Ja sam będę pasł moje owce i Ja sam będę je układał na legowisku» – mówi Pan Bóg. «Zagubioną odszukam, zabłąkaną sprowadzę z powrotem, skaleczoną opatrzę, chorą umocnię, a tłustą i mocną będę ochraniał. Będę pasł sprawiedliwie». Ez 34, 15-16

Spróbuj pochylić się dzisiaj nad Sercem Pana Jezusa… Zobacz Jego blask i nieopisaną miłość… Wyobraź sobie Jego starania o każdą zbłąkaną duszę… On z pewnością czyni wszystko, aby przychylić nieba każdej osobie… Czy widzisz Jego działania w Twoim życiu?… Czy za Tobą także poszedł w najgorszą ciemność?… Czy czułeś Jego bliskość w najtrudniejszych chwilach?…
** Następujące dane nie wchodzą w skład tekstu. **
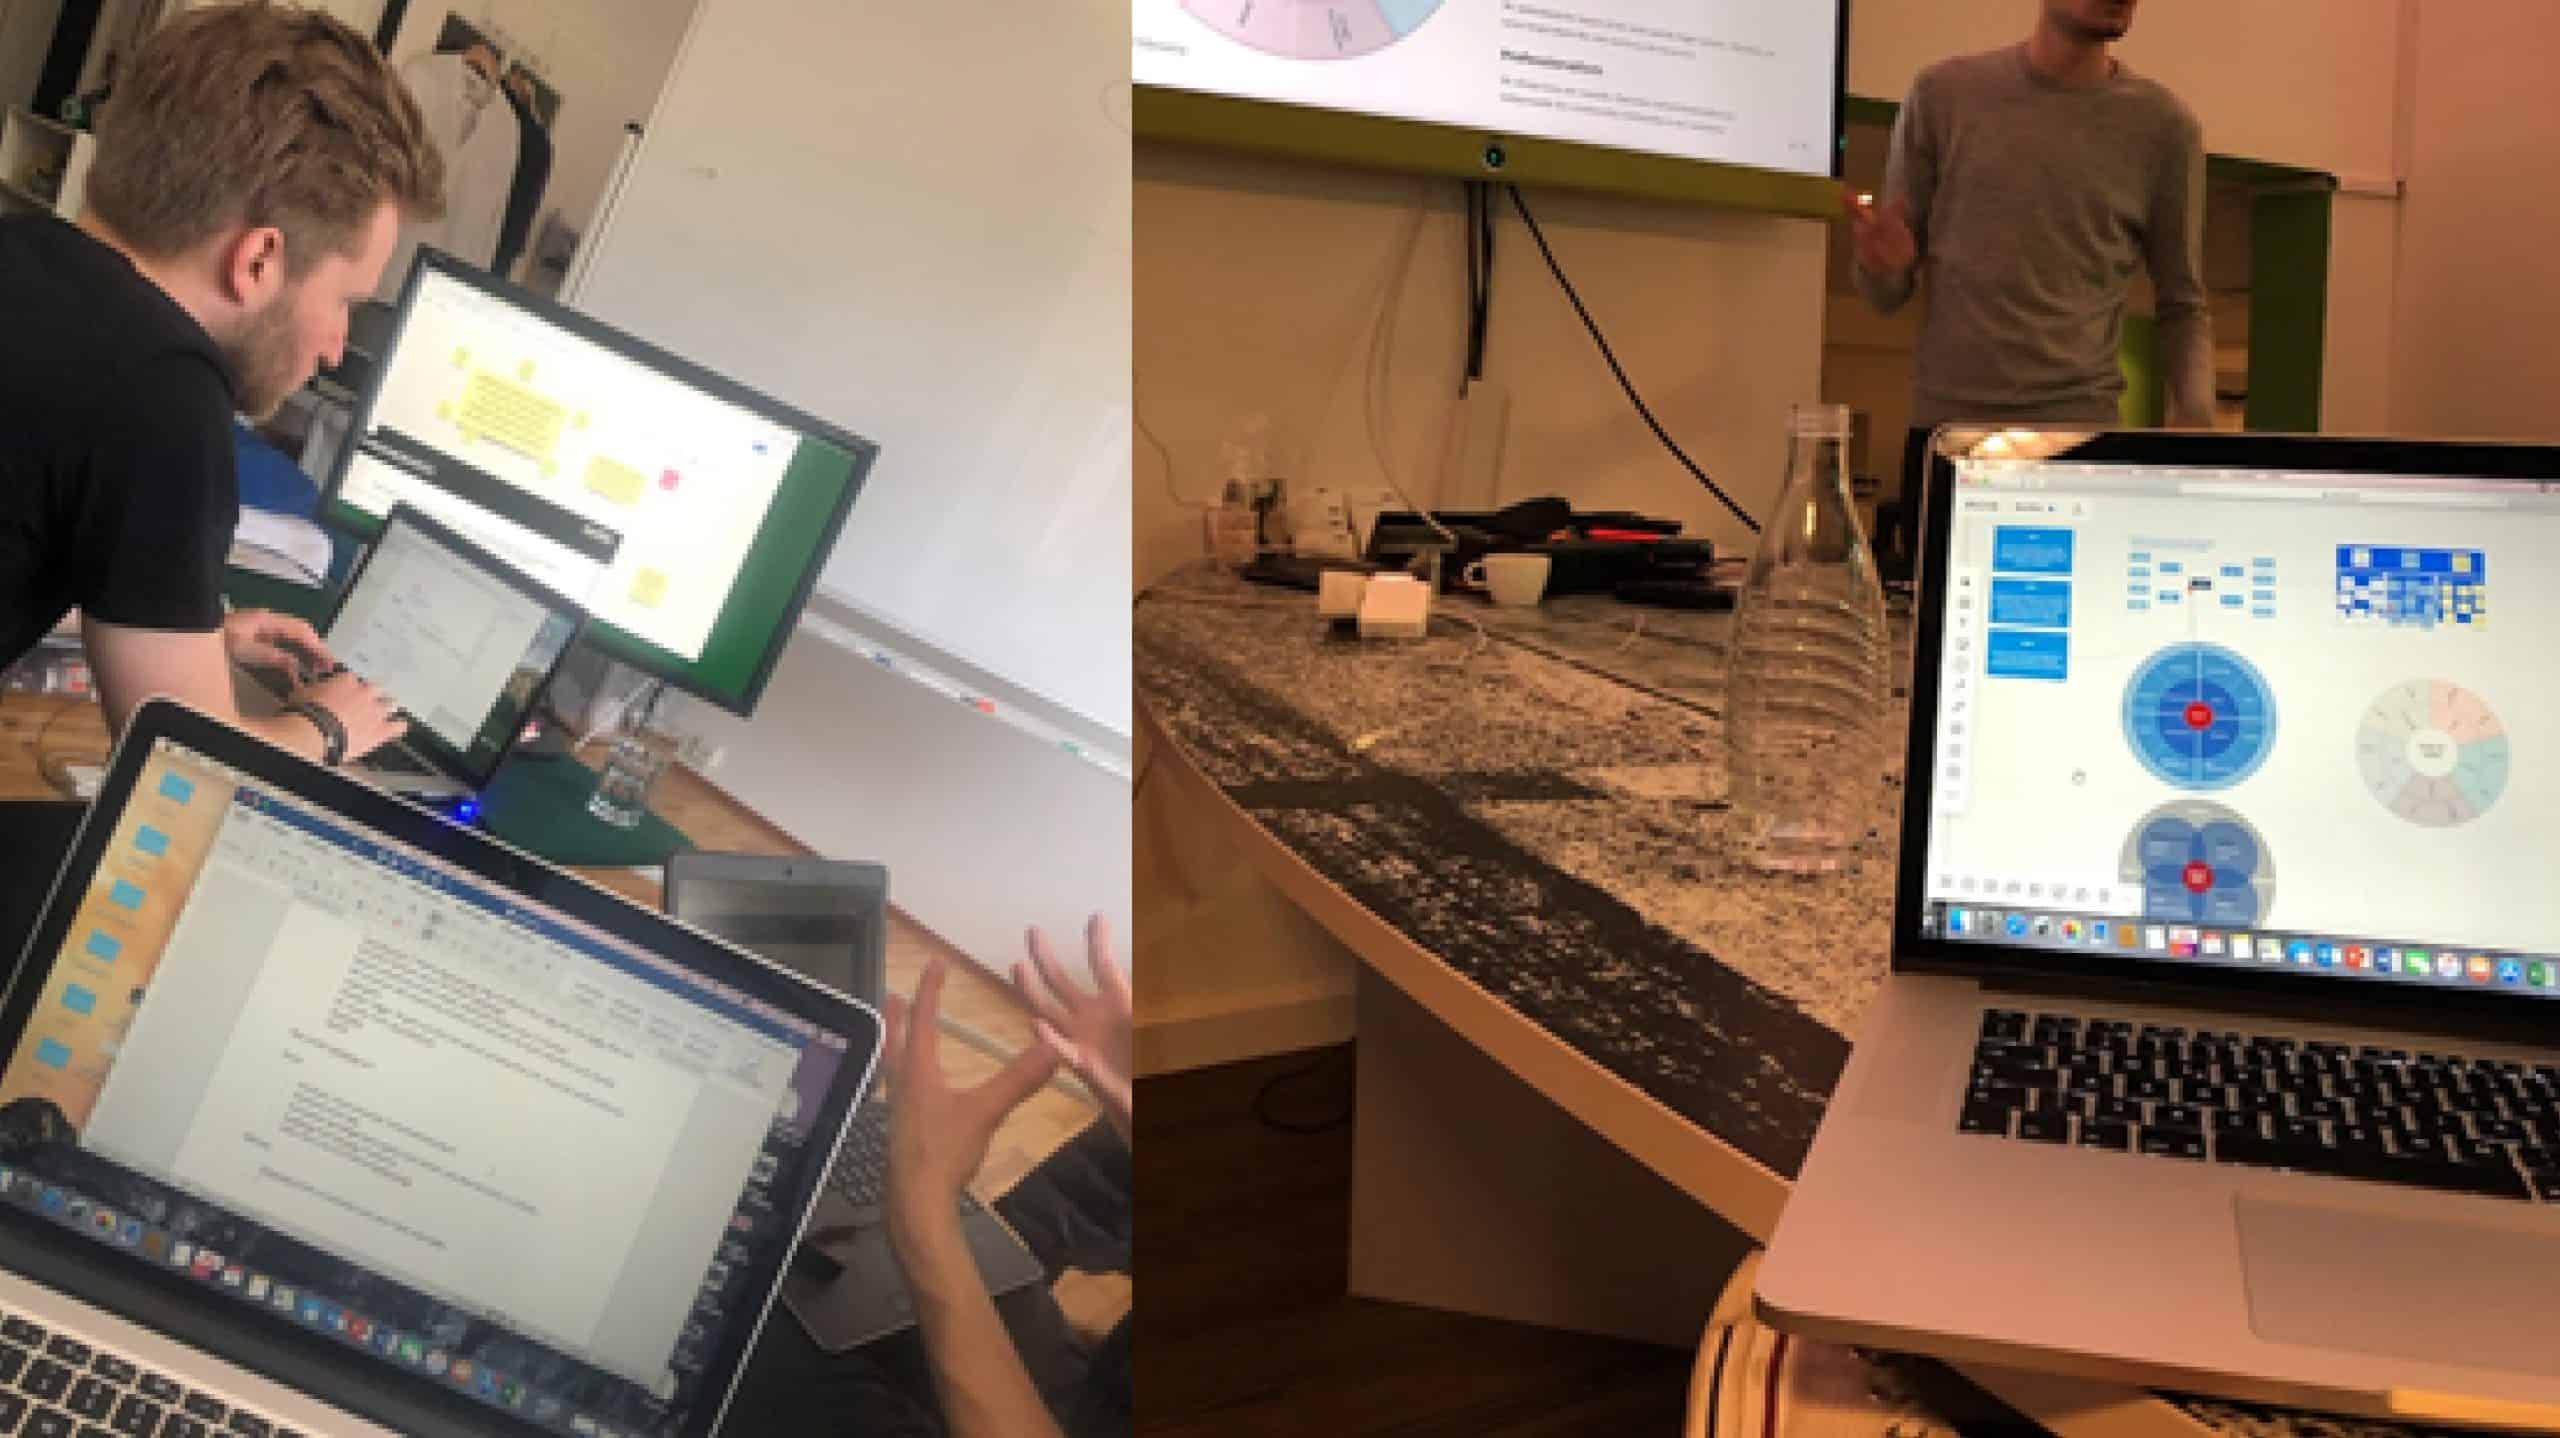 Marken Identität Workshop | Start-Up Pitchdeck Gestaltung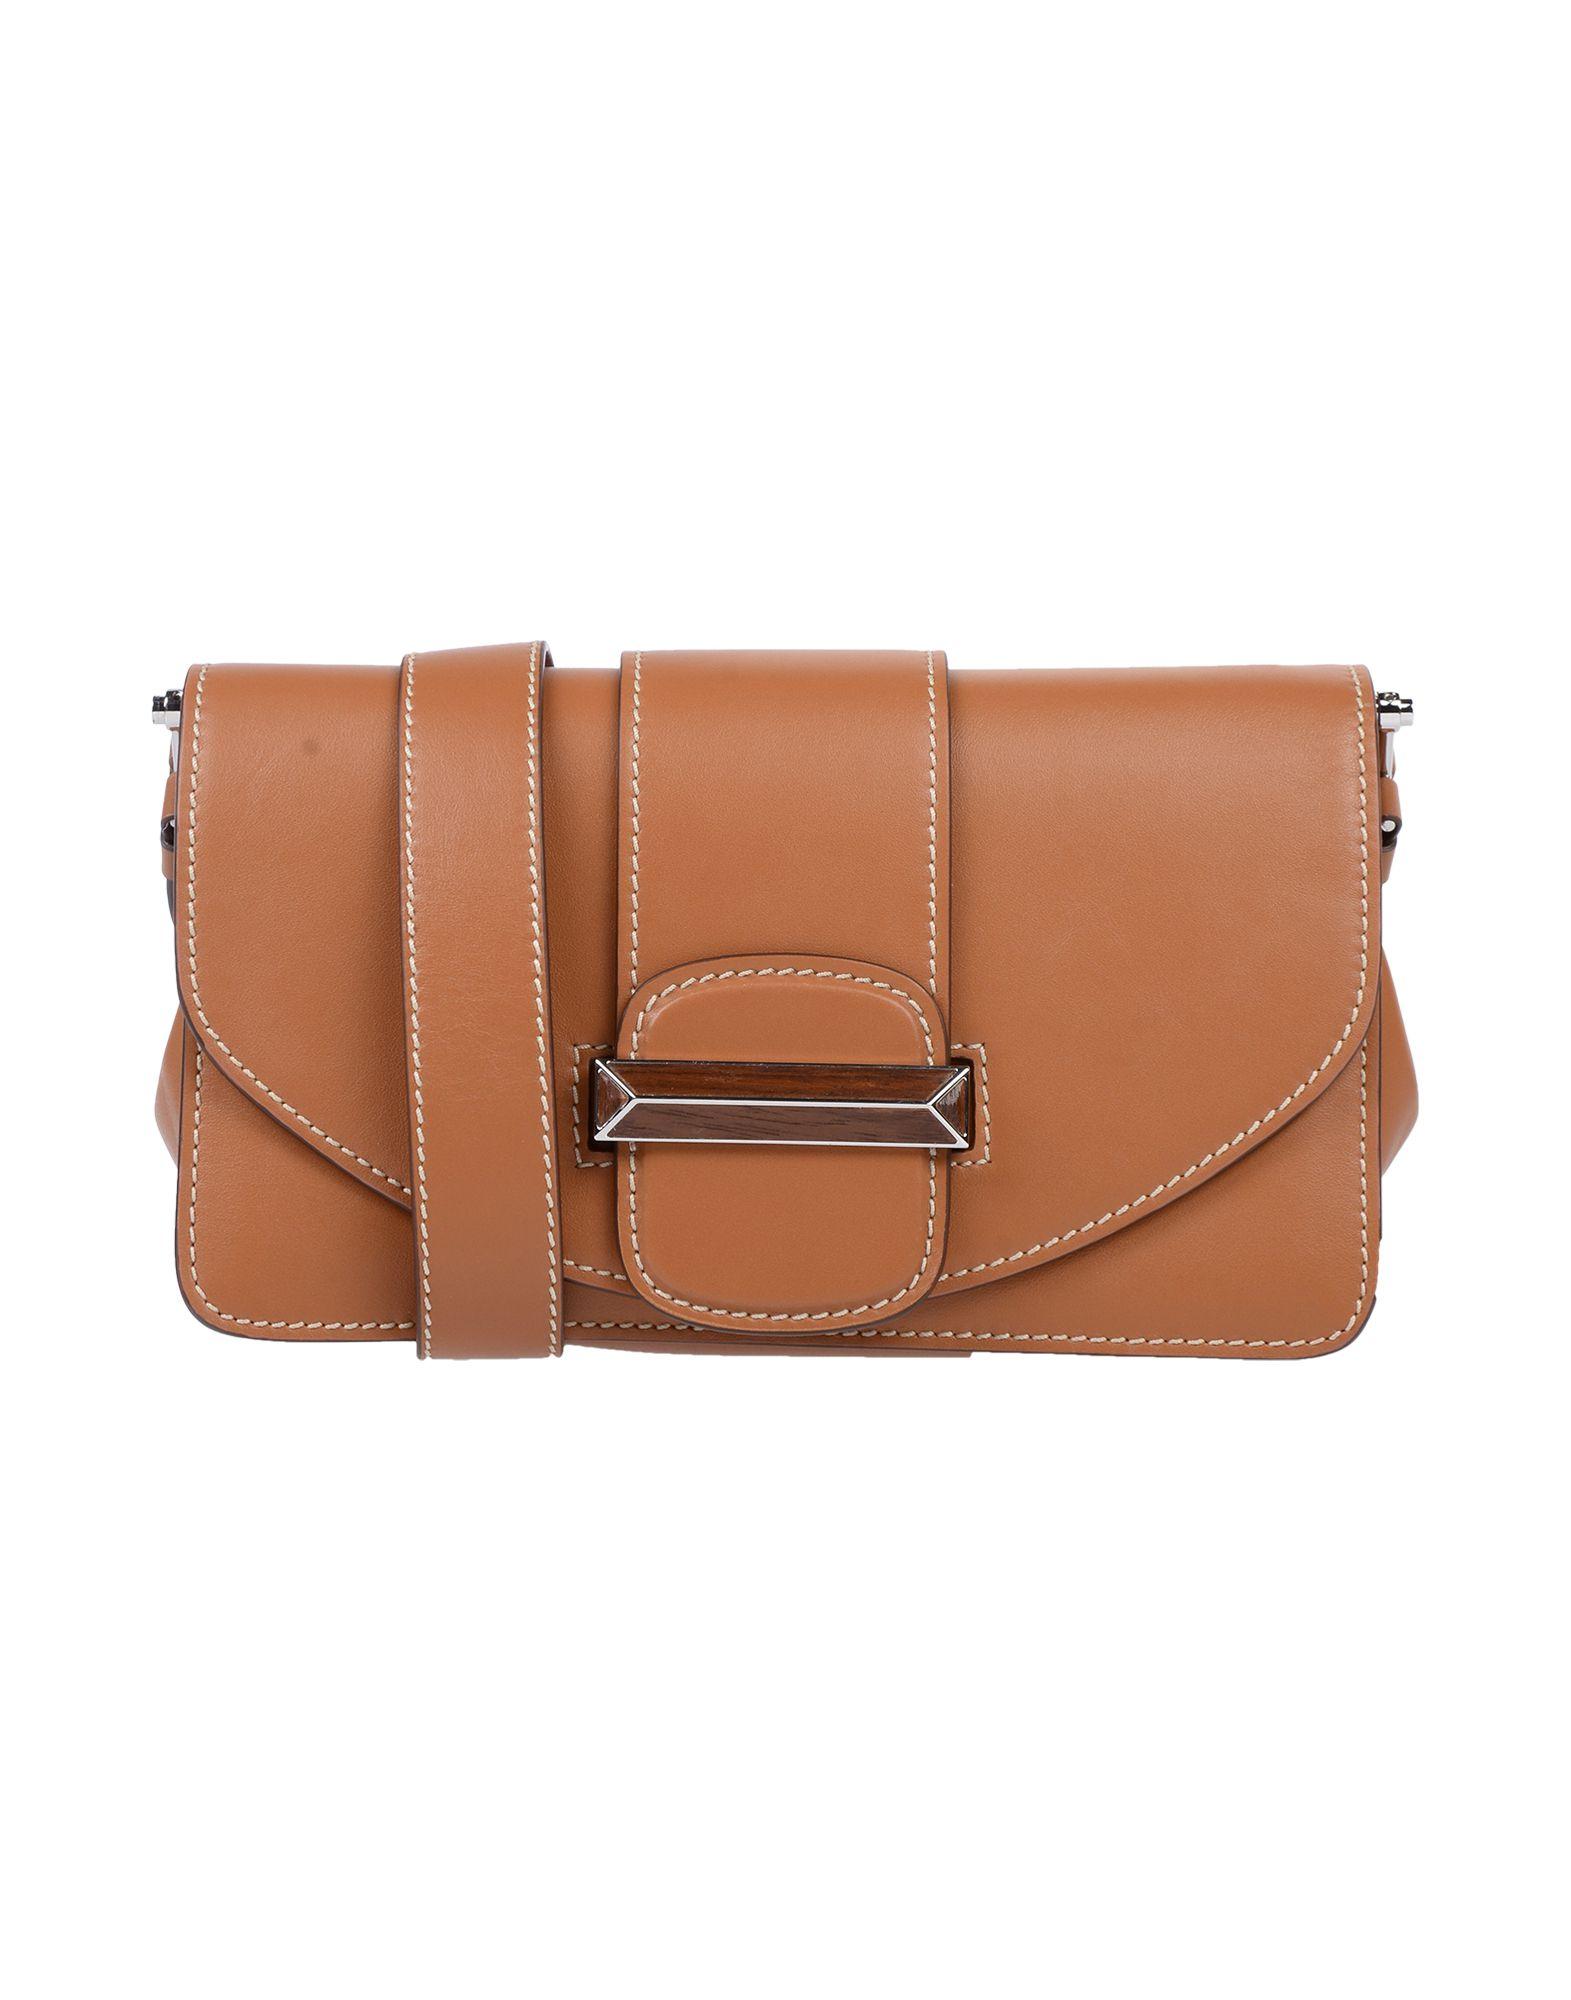 b9f3bf9910 Ballin Cross-Body Bags - Women Ballin Cross-Body Bags online on YOOX ...

Chrystus bowiem umarł za nas, jako za grzeszników, w oznaczonym czasie, gdy jeszcze byliśmy bezsilni. Rz 5, 6

Te słowa bardzo mocno uświadomiły mi, że Jezus idący na mękę oraz haniebną śmierć krzyżową wyszedł po mnie nędznego grzesznika… Uczynił to DLA MNIE I DLA CIEBIE!… Nie ma takiej rany, bólu i cierpienia, w których On nie byłby ze mną… Właśnie wtedy jest najbliżej… Daj mi Panie łaskę pamiętania o tym… Żyję dzięki Twojemu miłosiernemu wyjściu po mnie – bezsilnego grzesznika… Proszę Cię o taką miłość, abym mógł w Twoje imię wychodzić do poranionych grzeszników… Pragnę przyprowadzać ich do Ciebie…

Miłość Boża rozlana jest w sercach naszych przez Ducha Świętego, który został nam dany. Rz 5, 5b

Rozlewaj obficie swoją miłość w moim słabym sercu… Duchu Święty prowadź mnie!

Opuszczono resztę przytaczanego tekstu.